Better and faster research !
Overview
Teaching: 35 min
Exercises: 0 minQuestions
How does this training relate to your work?
What are the benefits of using data science skills?
What can go wrong with working on data/code?
What are the challenges for teams and management?
Are there procedures and protocols that can help?
Objectives
Understand how this training material will help your research (and career).
Your research project is a computational project.
As a researcher, you are likely to use some sort of computational tools to process, analyse, and visualise data. You are also likely to work on your project with other members of the lab, and the success of your work may well depend on your interactions with your peers. In that sense any research project can be defined as a collaborative, computational project.
We all may have dfferent research and data science expertise. The Turing Way project illustration by Scriberia for The Turing Way Community Shared under CC-BY 4.0 License. Zenodo. http://doi.org/10.5281/zenodo.3332807
Why are you here
Discuss why you/learners are taking this course, what are the expectations. Does the expectations align with the relevance of data science and content of this course?
Contents of this training material introduces methods and concepts to manage individuals and teams working on any computational project, which in the current era is literally all research projects. It is not about learning how to write code, but building a foundational understanding for computational methods that could be applied to your research. Furthermore, this training will provide guidance for facilitating collaboration and data analysis using tools like research data management, version control or code review.
We acknowledge the data science knowledge will vary. Nonetheless, we believe that the data science skills you will learn in this training will make your research process better. In the following sections, we will detail what we mean by “better”.
How data science will improve your research ?
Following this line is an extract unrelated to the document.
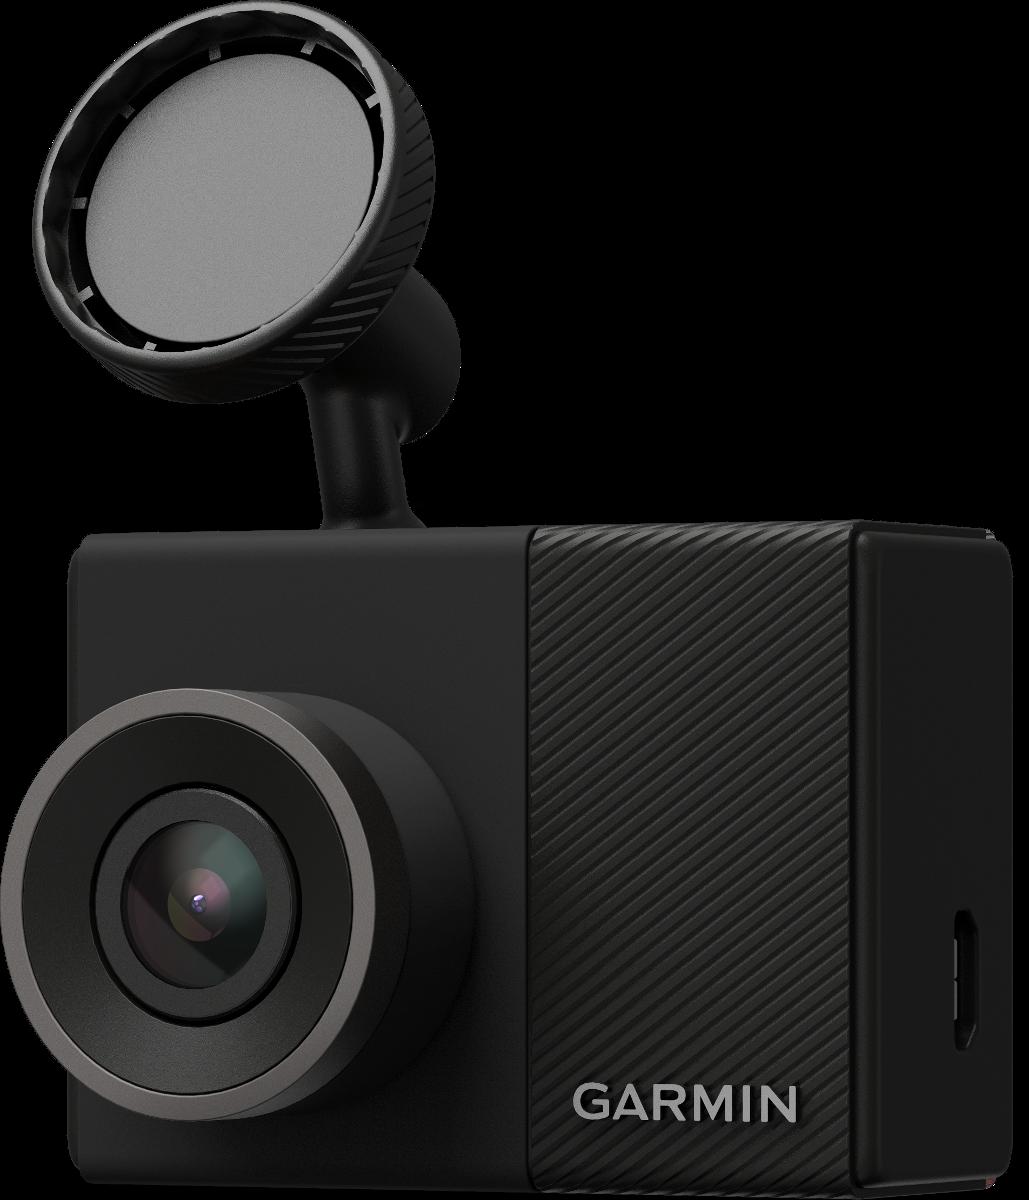 garmin dash cam 45 unfallkamera 2 1 mp schwarz. Black Bedroom Furniture Sets. Home Design Ideas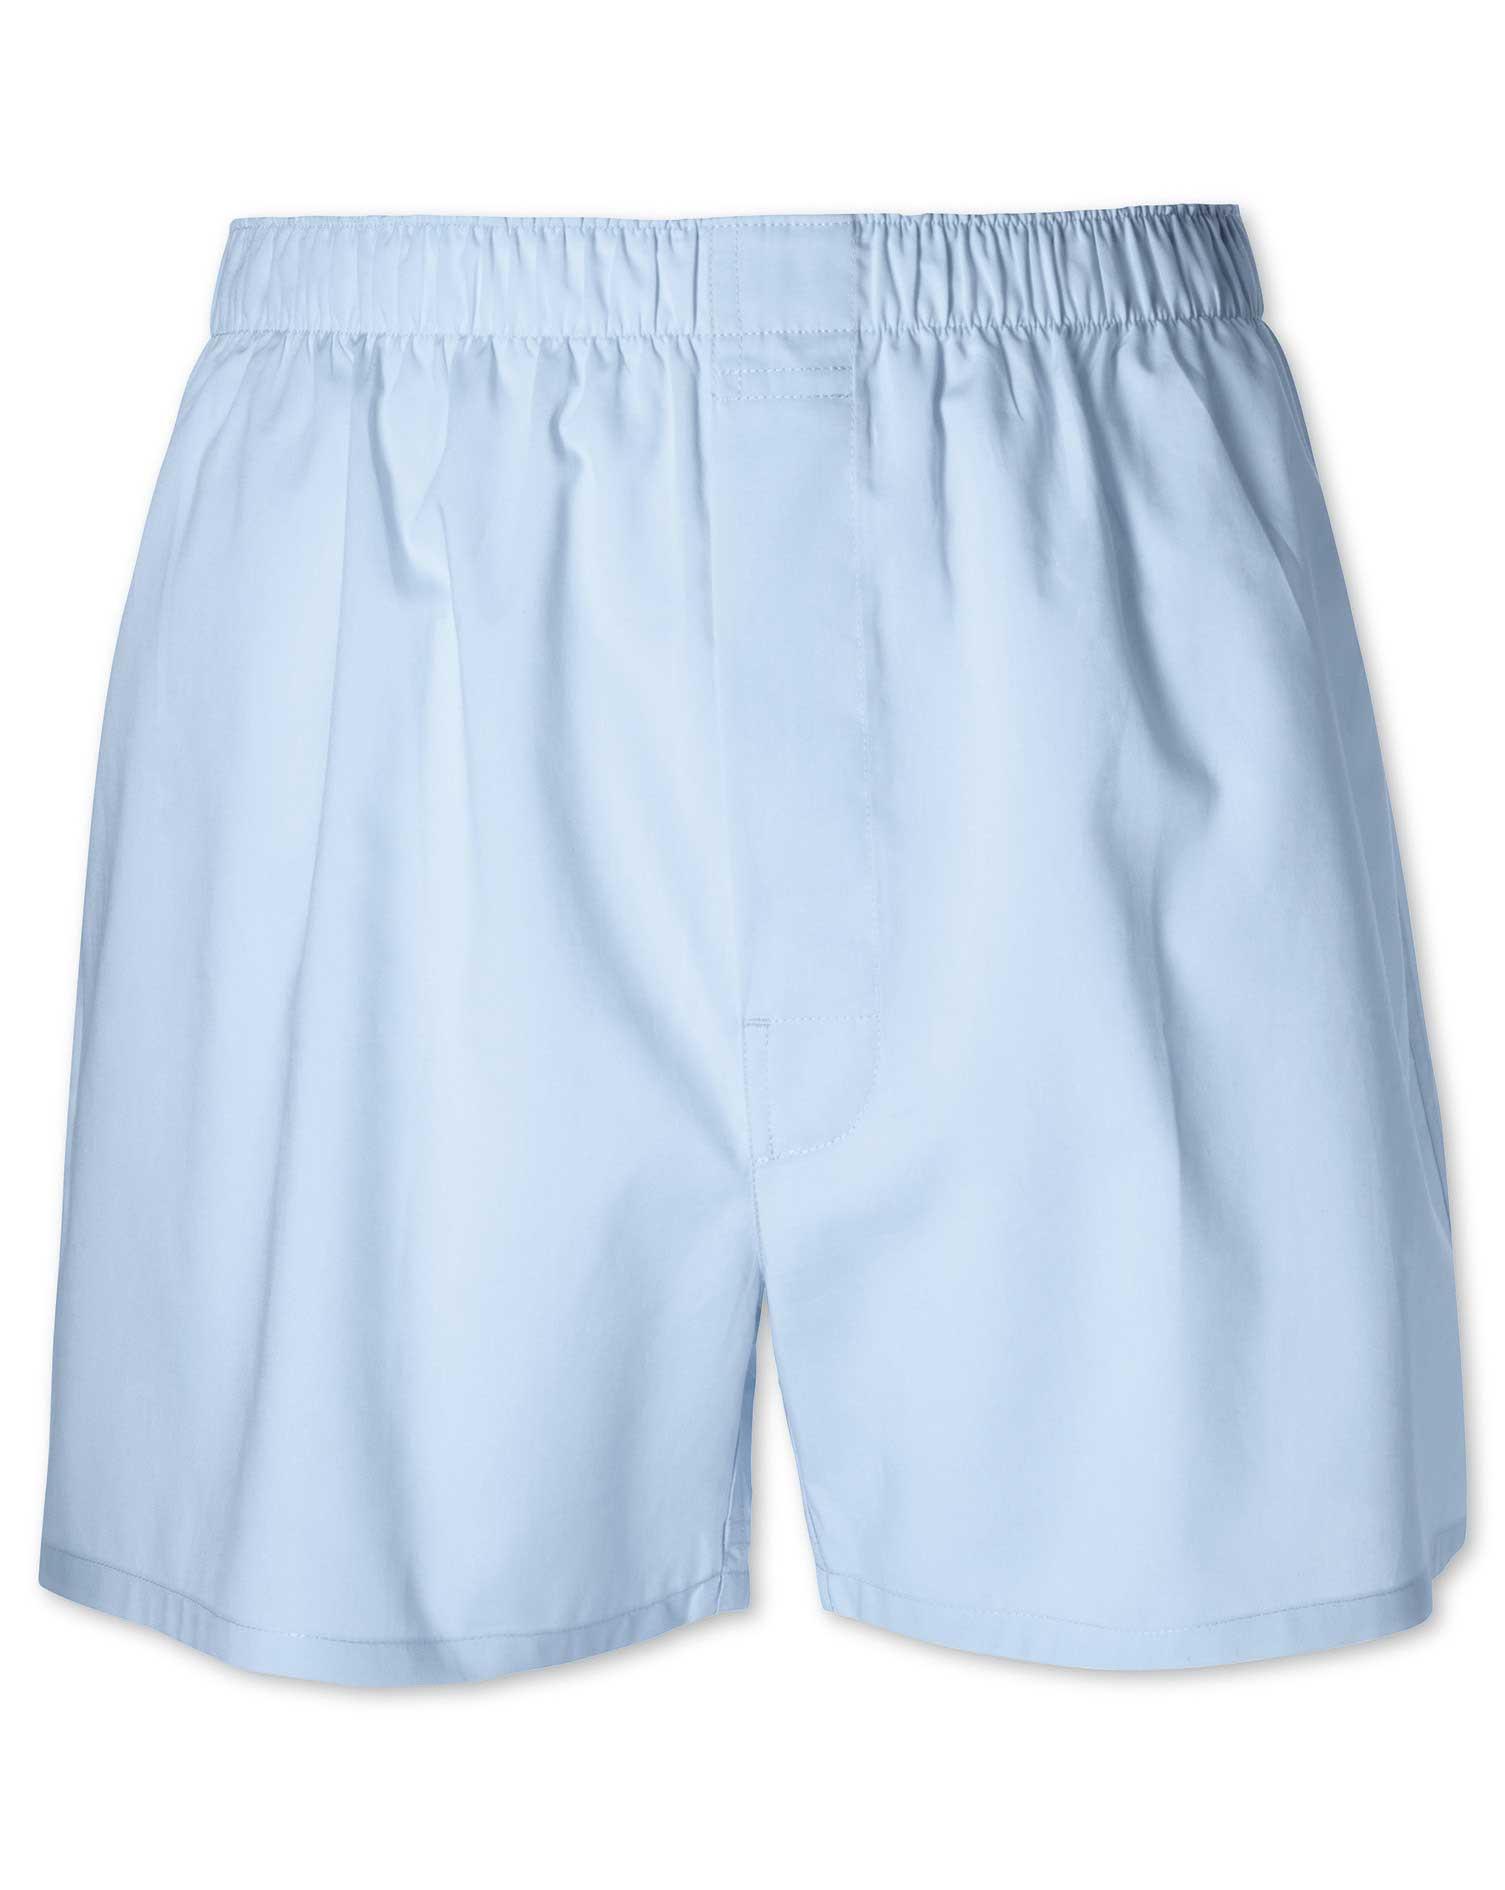 Plain Sky Blue Woven Boxers Size XXL by Charles Tyrwhitt

Data science makes research flourish. The Turing Way project illustration by Scriberia for The Turing Way Community Shared under CC-BY 4.0 License. Zenodo. http://doi.org/10.5281/zenodo.3332807
It is mostly about being efficient
Data science brings some structure in how data is collected, processed and analysed, making it easier to collaborate on a project, to publish extra research outputs and leveraging some extra potential your data may have. In the past, it helped me drive new hypotheses, detect problems with the research design early, and reduce the sample size needed to drive a solid conclusion. Eventually, it made my research more robust and trustworthy. But in the end, my real motivation is efficiency: very soon, the time I invested in learning and applying data science in my research was recovered multiple times when a manuscript had to be written (and re-written).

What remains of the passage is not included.